** PROVIDED INFORMATION follows **

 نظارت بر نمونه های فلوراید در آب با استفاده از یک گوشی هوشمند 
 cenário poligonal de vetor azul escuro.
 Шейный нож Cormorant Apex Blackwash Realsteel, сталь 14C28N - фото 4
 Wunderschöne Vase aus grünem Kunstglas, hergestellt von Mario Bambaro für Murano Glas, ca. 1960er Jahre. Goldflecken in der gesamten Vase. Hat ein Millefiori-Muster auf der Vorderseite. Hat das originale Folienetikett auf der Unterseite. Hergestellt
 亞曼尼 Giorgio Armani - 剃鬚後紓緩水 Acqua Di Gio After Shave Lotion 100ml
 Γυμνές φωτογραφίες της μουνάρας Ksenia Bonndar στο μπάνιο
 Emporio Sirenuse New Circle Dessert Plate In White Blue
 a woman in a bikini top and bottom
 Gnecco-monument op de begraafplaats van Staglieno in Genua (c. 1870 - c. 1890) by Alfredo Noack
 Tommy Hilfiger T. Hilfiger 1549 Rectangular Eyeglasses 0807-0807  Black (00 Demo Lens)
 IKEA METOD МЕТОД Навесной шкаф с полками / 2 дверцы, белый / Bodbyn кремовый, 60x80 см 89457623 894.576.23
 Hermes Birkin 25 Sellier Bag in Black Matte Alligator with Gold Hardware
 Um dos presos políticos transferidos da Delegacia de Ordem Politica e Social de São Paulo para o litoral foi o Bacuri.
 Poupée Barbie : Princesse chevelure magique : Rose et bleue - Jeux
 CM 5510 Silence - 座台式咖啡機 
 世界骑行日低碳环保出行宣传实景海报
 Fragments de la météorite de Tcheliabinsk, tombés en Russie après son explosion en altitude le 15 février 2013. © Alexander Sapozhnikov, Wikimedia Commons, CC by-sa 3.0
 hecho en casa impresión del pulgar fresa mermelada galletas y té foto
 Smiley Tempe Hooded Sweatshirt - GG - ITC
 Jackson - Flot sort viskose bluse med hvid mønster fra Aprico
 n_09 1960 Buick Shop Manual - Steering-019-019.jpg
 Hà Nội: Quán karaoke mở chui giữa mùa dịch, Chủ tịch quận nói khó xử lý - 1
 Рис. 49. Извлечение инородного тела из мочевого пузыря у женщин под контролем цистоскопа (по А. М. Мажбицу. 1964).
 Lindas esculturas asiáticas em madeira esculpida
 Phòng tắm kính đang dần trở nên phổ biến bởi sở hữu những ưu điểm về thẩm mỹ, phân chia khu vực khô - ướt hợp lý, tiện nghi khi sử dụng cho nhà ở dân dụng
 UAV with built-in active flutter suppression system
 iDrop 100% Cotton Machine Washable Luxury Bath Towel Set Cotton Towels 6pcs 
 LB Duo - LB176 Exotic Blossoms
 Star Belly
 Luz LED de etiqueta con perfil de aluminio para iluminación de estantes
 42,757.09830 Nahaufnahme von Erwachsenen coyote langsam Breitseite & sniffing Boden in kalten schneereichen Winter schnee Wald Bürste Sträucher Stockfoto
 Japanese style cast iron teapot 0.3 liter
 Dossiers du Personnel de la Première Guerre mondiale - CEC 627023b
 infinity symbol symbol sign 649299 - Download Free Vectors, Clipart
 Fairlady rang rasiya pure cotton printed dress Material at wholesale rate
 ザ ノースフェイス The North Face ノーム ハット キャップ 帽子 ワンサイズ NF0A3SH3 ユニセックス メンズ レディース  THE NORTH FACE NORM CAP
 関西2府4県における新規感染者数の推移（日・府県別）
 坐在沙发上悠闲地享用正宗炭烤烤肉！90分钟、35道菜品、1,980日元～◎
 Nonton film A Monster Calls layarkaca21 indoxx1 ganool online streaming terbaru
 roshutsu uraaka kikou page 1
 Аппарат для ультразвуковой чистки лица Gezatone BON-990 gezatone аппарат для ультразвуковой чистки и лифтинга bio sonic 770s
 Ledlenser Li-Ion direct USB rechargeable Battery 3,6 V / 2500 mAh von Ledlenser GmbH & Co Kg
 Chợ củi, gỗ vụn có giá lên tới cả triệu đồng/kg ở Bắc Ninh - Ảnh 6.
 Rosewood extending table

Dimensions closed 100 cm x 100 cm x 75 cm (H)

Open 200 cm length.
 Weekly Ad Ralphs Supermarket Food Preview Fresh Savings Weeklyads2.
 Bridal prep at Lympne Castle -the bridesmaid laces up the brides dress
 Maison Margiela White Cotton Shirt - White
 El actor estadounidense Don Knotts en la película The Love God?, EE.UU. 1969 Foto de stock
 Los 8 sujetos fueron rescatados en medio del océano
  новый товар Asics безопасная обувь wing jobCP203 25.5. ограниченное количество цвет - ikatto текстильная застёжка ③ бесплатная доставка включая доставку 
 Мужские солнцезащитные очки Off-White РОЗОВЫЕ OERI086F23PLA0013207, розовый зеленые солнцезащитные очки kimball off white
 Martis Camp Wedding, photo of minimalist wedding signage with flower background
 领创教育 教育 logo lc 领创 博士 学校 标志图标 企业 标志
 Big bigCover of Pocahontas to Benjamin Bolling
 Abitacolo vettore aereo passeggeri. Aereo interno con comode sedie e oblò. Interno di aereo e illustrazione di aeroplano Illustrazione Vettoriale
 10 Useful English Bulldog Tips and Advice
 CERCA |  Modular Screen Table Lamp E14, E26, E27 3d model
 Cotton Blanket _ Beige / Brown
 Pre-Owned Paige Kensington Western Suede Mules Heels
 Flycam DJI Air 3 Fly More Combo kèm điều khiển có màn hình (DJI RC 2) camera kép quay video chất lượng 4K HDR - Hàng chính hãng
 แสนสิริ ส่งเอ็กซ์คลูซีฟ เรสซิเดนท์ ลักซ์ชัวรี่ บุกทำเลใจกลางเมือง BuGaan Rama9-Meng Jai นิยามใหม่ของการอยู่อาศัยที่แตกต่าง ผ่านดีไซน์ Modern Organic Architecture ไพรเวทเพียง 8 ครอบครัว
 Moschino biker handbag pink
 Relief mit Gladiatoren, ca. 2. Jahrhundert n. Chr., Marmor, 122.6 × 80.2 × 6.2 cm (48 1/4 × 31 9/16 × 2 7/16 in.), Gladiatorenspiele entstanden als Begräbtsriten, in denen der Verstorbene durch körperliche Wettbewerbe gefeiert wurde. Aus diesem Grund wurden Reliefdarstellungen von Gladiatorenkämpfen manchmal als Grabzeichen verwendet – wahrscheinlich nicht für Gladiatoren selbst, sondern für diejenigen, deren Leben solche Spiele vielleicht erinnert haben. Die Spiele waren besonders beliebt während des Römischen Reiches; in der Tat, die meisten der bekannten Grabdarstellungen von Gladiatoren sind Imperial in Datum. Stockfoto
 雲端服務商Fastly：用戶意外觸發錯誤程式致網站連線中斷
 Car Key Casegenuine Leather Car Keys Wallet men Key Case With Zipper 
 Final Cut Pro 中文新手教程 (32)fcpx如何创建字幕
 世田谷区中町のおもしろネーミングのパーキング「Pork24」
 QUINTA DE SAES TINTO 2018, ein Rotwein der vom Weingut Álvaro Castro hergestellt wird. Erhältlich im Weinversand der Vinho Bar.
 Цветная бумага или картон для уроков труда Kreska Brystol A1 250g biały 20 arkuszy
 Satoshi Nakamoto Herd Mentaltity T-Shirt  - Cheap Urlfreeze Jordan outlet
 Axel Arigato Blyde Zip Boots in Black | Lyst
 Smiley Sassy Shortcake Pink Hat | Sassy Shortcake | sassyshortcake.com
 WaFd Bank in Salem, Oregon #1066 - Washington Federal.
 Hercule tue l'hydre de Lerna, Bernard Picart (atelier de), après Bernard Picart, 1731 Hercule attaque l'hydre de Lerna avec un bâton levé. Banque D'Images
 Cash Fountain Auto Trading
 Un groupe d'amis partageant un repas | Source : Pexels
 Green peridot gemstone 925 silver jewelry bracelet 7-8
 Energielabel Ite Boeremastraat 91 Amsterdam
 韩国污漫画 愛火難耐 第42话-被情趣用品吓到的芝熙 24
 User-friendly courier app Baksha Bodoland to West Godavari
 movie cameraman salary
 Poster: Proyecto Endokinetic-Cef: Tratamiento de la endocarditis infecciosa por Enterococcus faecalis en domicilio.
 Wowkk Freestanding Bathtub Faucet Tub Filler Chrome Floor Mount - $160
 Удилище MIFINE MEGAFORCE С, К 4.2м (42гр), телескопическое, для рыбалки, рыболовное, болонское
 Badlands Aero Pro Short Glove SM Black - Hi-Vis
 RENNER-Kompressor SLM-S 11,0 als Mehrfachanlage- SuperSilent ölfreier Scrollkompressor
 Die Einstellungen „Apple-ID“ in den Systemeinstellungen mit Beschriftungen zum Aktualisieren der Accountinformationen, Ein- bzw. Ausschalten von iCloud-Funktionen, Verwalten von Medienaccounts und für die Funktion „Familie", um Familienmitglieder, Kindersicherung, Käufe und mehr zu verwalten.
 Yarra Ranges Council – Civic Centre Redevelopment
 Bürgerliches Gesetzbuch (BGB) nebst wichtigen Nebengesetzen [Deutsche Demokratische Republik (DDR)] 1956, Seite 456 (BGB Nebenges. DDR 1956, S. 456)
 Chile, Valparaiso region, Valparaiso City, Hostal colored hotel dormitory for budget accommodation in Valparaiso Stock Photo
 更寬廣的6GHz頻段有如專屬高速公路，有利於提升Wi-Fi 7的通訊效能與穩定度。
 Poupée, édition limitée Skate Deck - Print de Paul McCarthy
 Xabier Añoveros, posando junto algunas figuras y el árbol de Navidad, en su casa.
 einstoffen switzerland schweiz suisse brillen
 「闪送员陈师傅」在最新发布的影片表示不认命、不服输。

** End of PROVIDED INFORMATION **

WHAT THE EXERCISE ASKS: Reproduce exactly the section above that begins at the line containing "hecho en casa" and ends at the line containing "Fairlady rang rasiya", leaving out all other lines.

RESULT OF THIS EXERCISE:
 hecho en casa impresión del pulgar fresa mermelada galletas y té foto
 Smiley Tempe Hooded Sweatshirt - GG - ITC
 Jackson - Flot sort viskose bluse med hvid mønster fra Aprico
 n_09 1960 Buick Shop Manual - Steering-019-019.jpg
 Hà Nội: Quán karaoke mở chui giữa mùa dịch, Chủ tịch quận nói khó xử lý - 1
 Рис. 49. Извлечение инородного тела из мочевого пузыря у женщин под контролем цистоскопа (по А. М. Мажбицу. 1964).
 Lindas esculturas asiáticas em madeira esculpida
 Phòng tắm kính đang dần trở nên phổ biến bởi sở hữu những ưu điểm về thẩm mỹ, phân chia khu vực khô - ướt hợp lý, tiện nghi khi sử dụng cho nhà ở dân dụng
 UAV with built-in active flutter suppression system
 iDrop 100% Cotton Machine Washable Luxury Bath Towel Set Cotton Towels 6pcs 
 LB Duo - LB176 Exotic Blossoms
 Star Belly
 Luz LED de etiqueta con perfil de aluminio para iluminación de estantes
 42,757.09830 Nahaufnahme von Erwachsenen coyote langsam Breitseite & sniffing Boden in kalten schneereichen Winter schnee Wald Bürste Sträucher Stockfoto
 Japanese style cast iron teapot 0.3 liter
 Dossiers du Personnel de la Première Guerre mondiale - CEC 627023b
 infinity symbol symbol sign 649299 - Download Free Vectors, Clipart
 Fairlady rang rasiya pure cotton printed dress Material at wholesale rate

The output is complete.